The following are objectives of the National Petroleum Regulatory Authority:

  • Clear enforcement mandate to protect the public interest;
  • Ensure the continuous supply of petroleum products;
  • Operationalise government strategic stock management;
  • Achieve efficiency and cost reduction through mandatory minimum stock balances by licensed petroleum operators;
  • Eliminate barriers for new entrants into the Sierra Leone market.
  • Discourage the emergence of a local cartel, monopolies and unfair competition.

The Sierra Leone petroleum industry will remain fully committed to ensuring fairness and the ongoing transformation for a reliable, affordable and supply of high quality petroleum products to the market through continued investment and strategic decisions to improve productivity and ensure economic stability. The PRA has pledged to continue providing support to the operators to ensure that they carry out their operations in conformity with standards of prudency and regulatory compliance.

Clearly, Sierra Leone is ready for business, and will continue to be a low cost operating environment with government playing the key role of creating a level playing field for all players whilst ensuring that the domestic market is competitively viable while innovation would foster. No industry compares with the petroleum industry in terms of volatility, uncertainty, complexity and ambiguity.

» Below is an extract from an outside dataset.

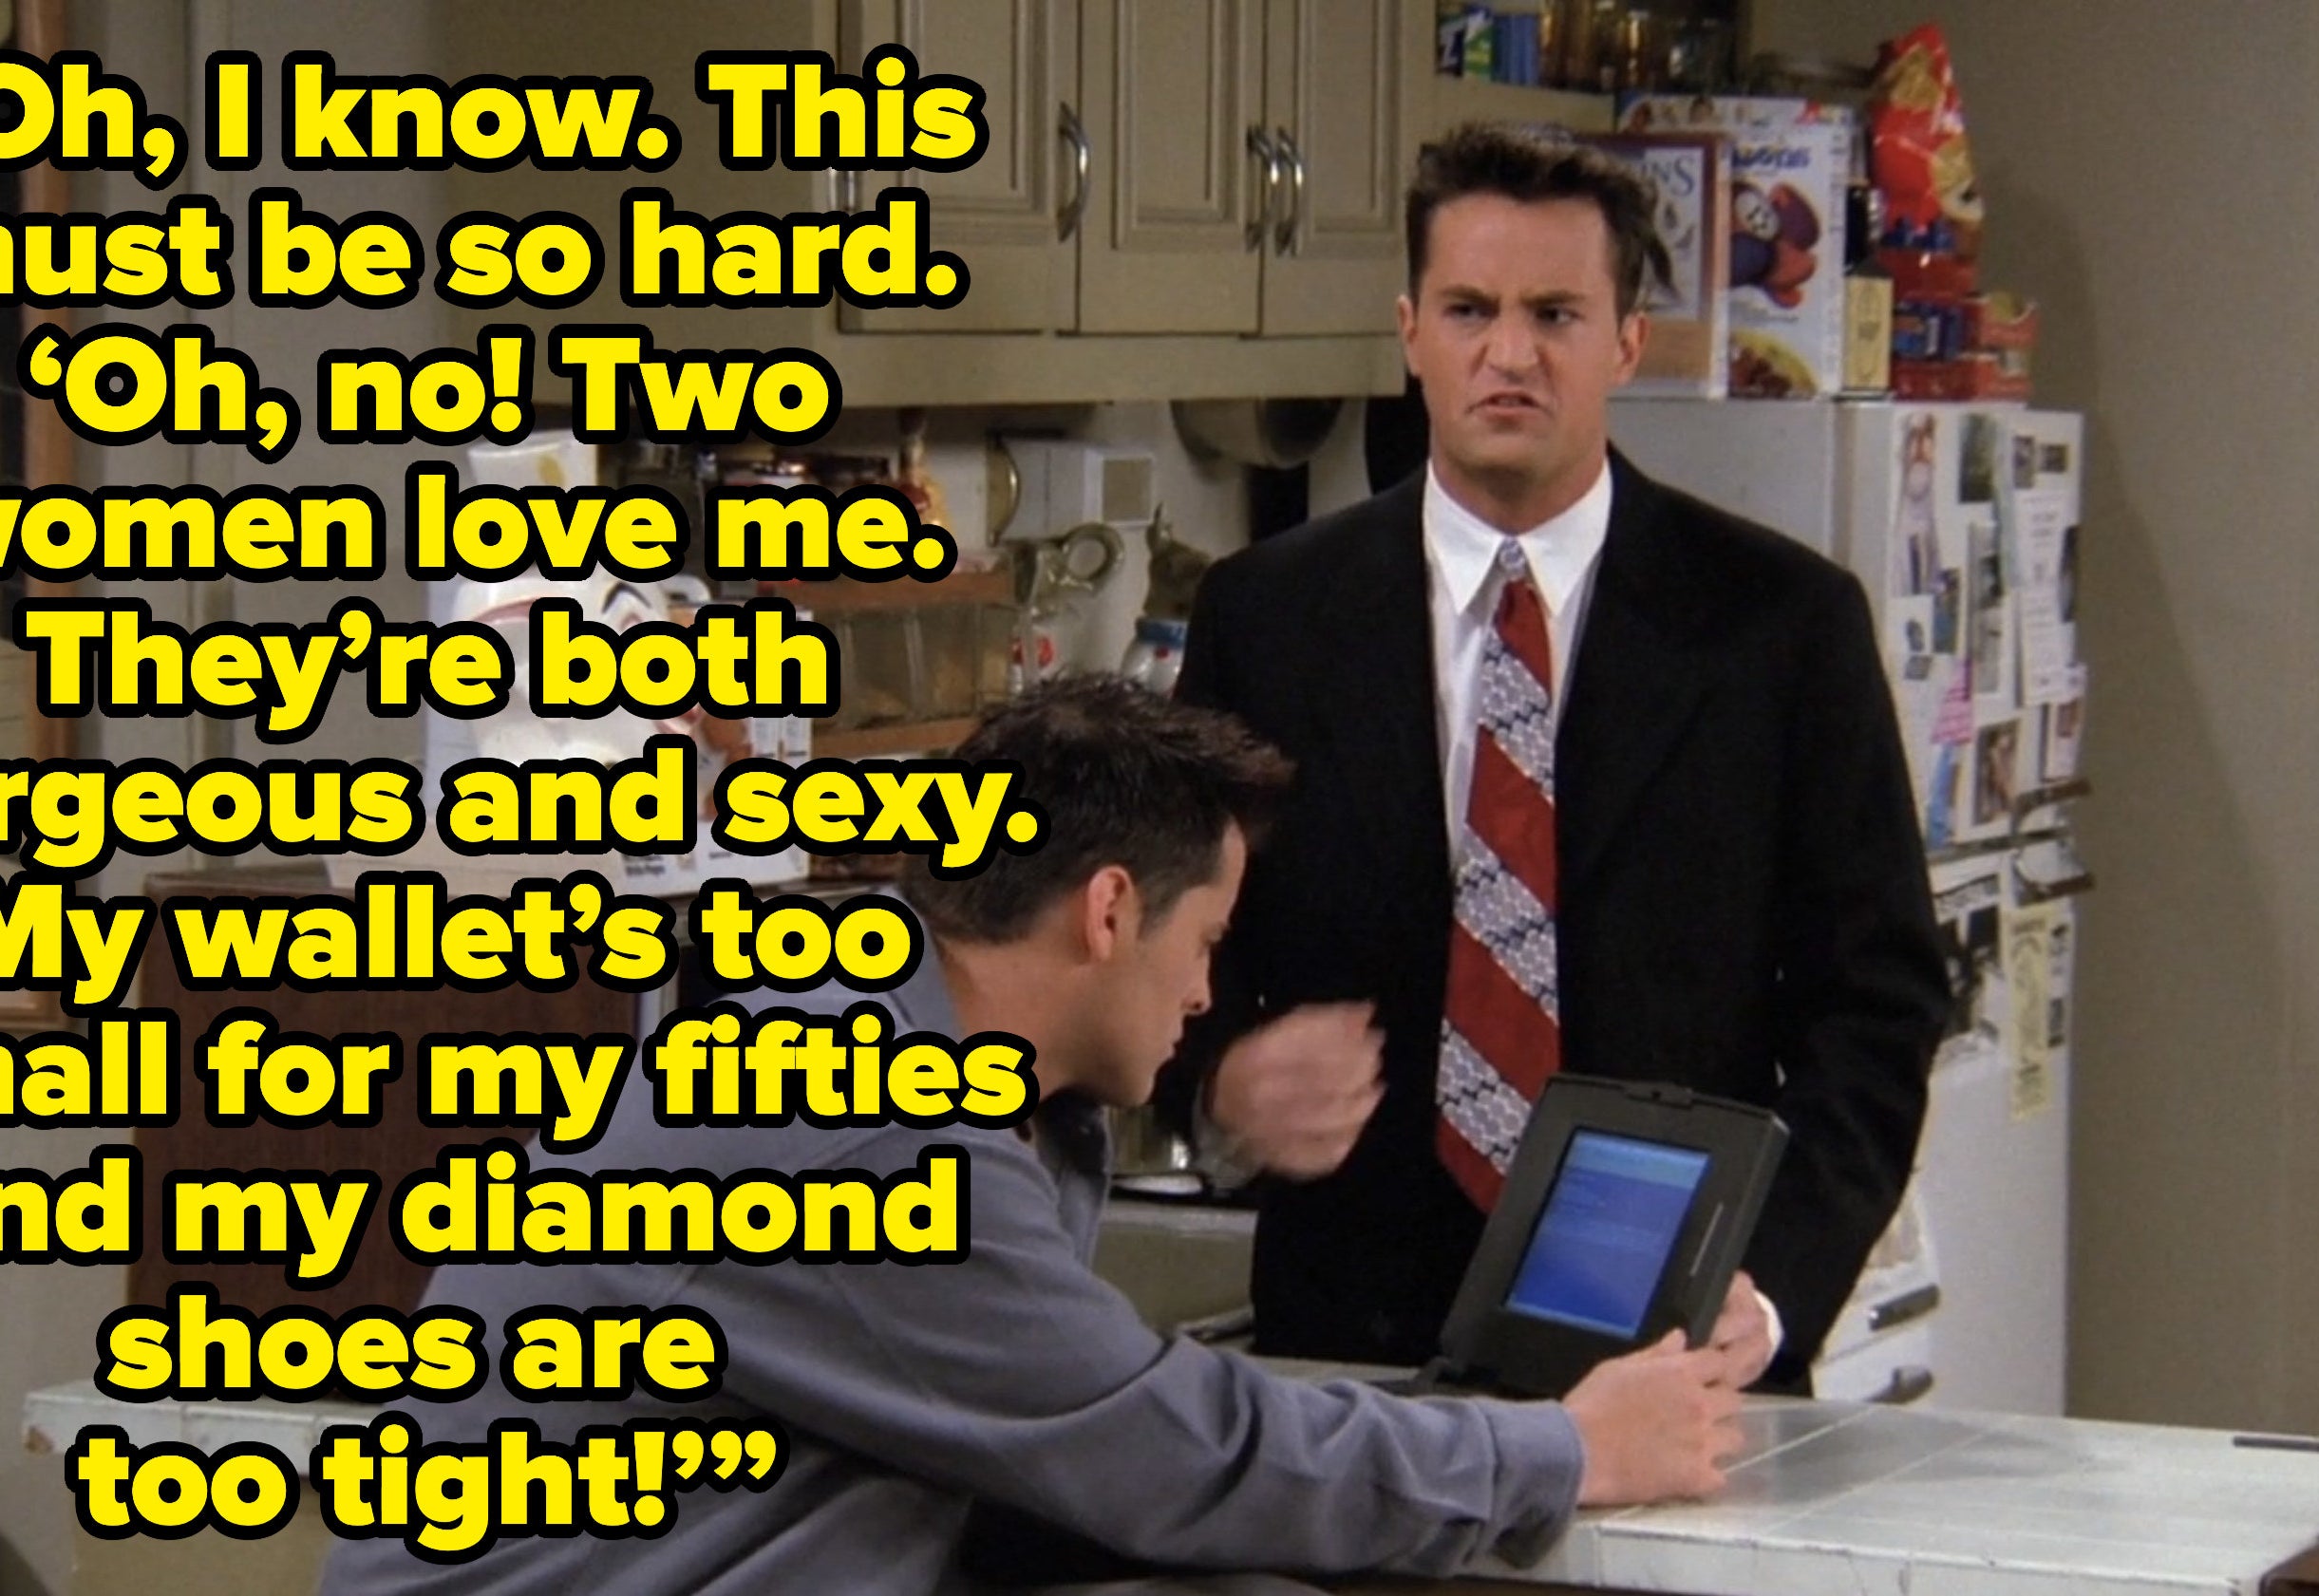 chandler telling ross “Oh, I know. This must be so hard. ‘Oh, no! Two women love me. They’re both gorgeous and sexy. My wallet’s too small for my fifties and my diamond shoes are too tight!’” on friends

No industry faces the same combination of risks. But again, no industry offers to do such great things and for so many people as the petroleum industry. The PRA has promised to remain in strong partnership with reputable organisations such as the World Petroleum Council (WPC), African Refinery Association (ARA), S& P Global Platt International among others. The Agency’s ultimate goal is to transform Sierra Leone into a petroleum products hub for the Mano River Basin and further reach out to the ECOWAS market.